Les réseaux sociaux pour faciliter la dénonciation
Les forces de l'ordre peuvent également puiser dans la mine d’images publiées par les manifestants eux-mêmes sur les réseaux sociaux. Plusieurs services de police dont celui de Seattle ont lancé des appels pour obtenir des images d’infractions commises pendant les rassemblements. Le réseau social NextDoor, qui réunit les voisins d’un même quartier, est notamment utilisé. La fonctionnalité « Forward to Police » (créée en 2016) permet aux utilisateurs de transmettre leurs publications aux forces de l’ordre. De quoi dénoncer en toute facilité. La police de Dallas a développé une application baptisée iWatch Dallas app permettant aux internautes de signaler les manifestants enfreignant la loi. C’était sans compter sur la riposte des amateurs de K-pop (oui, vous avez bien lu). Ces derniers ont inondé l’application d’images de leurs artistes préférés afin de troller cette opération de surveillance de masse. Un jour plus tard, la police de Dallas annonçait que l’application était indisponible à cause d’ « un problème technique ».
guys download the app and fucking FLOOD that shit with fancams make it SO HARD for them to find anything besides our faves dancing https://t.co/zqjVHLWnZG
— allie ? #BLM, ACAB (@YGSHlT) May 31, 2020
La reconnaissance faciale pour identifier les manifestants
Toutes les images récoltées via les drones, caméras de surveillance et réseaux sociaux prennent de la valeur lorsqu’elles passent à la moulinette de la reconnaissance faciale. Cette dernière permet d’identifier une personne en comparant sa photo aux images disponibles sur le web et dans les bases de données des services de police. Il est difficile de savoir précisément quelle usage la police américaine a de cette technologie. Aucune loi ne l’oblige à être transparente à ce sujet, rappelle le blog The LowDown.
En février 2020, Buzzfeed prouvait que Clearview AI, fournisseur de logiciels de reconnaissance faciale, travaillait avec plusieurs centaines de services de police américains. Le media OneZero a lui obtenu des documents montrant que certaines villes dont Los Angeles, New York et Chicago ont signé des contrats avec la société Dataworks Plus, qui développe le même type de systèmes. Plus récemment lors d’une conférence de presse virtuelle, le commissaire d’Harrisburg en Pennsylvanie a affirmé que la reconnaissance faciale pourrait permettre d’identifier la femme qui a brisé la fenêtre d’une voiture de police et frappé un policier lors d’une manifestation.
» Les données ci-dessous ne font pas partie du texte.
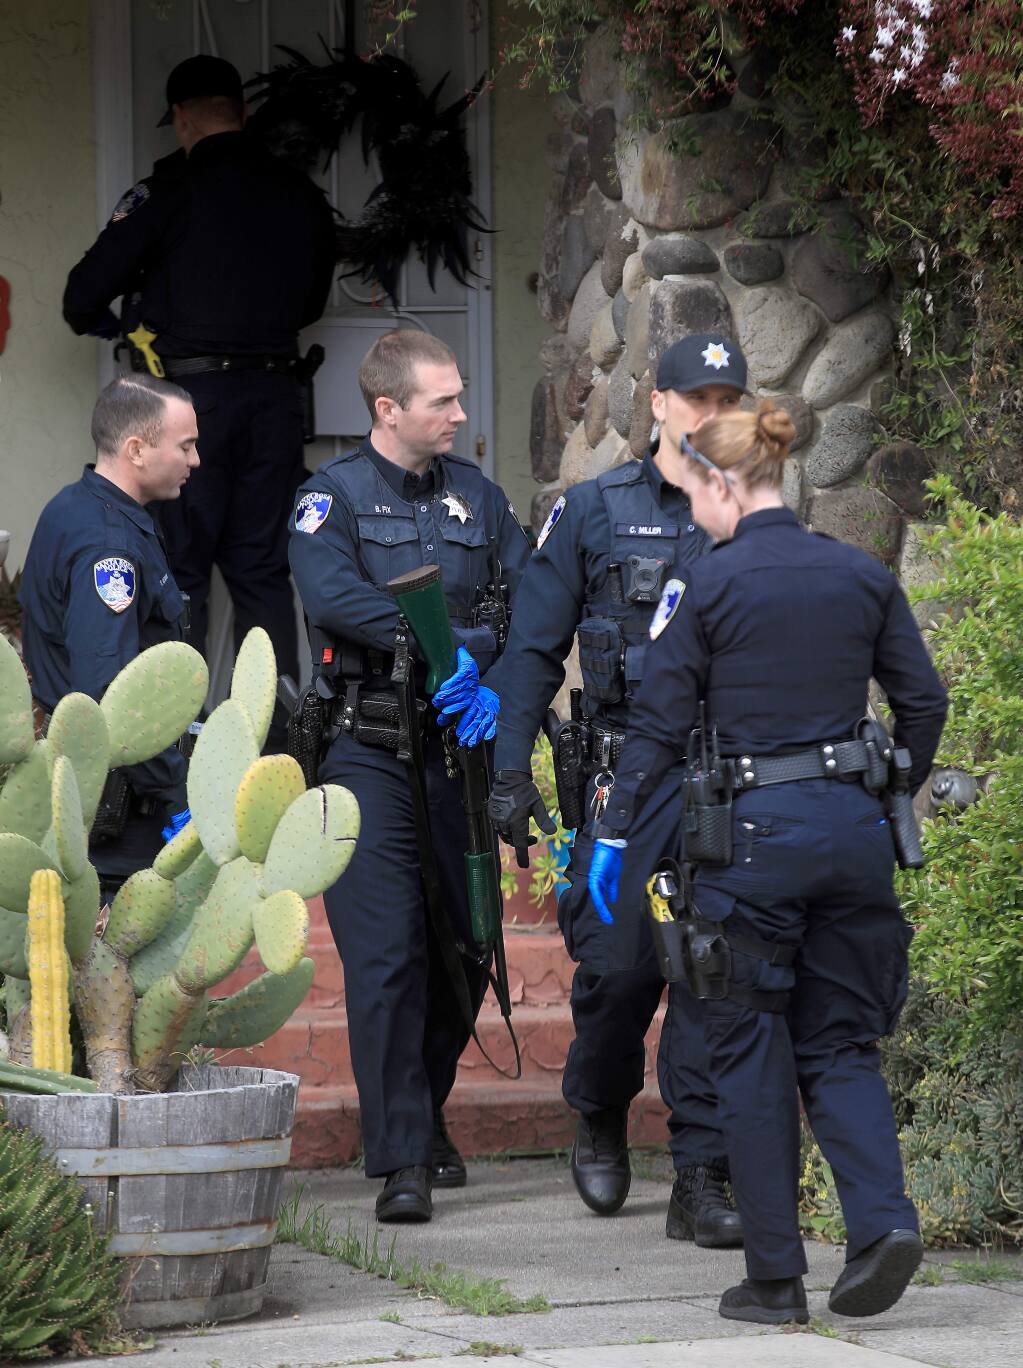 Gloved up to take precautions, Santa Rosa police officers gather after searching a home in Santa Rosa, Tuesday, March 24, 2020. Three officers with the SRPD have tested positive for COVID-19.(Kent Porter / The Press Democrat) 2020

Et en France ? Drones et caméras de surveillance sont également utilisés pour surveiller les manifestations. La Quadrature du net s'inquiète de l'importante progression des technologies de surveillance policière suite à la crise du Covid. Cette dernière a banalisé l'usage de drone pour contrôler le confinement, de caméras intelligentes pour vérifier le port du masque etc.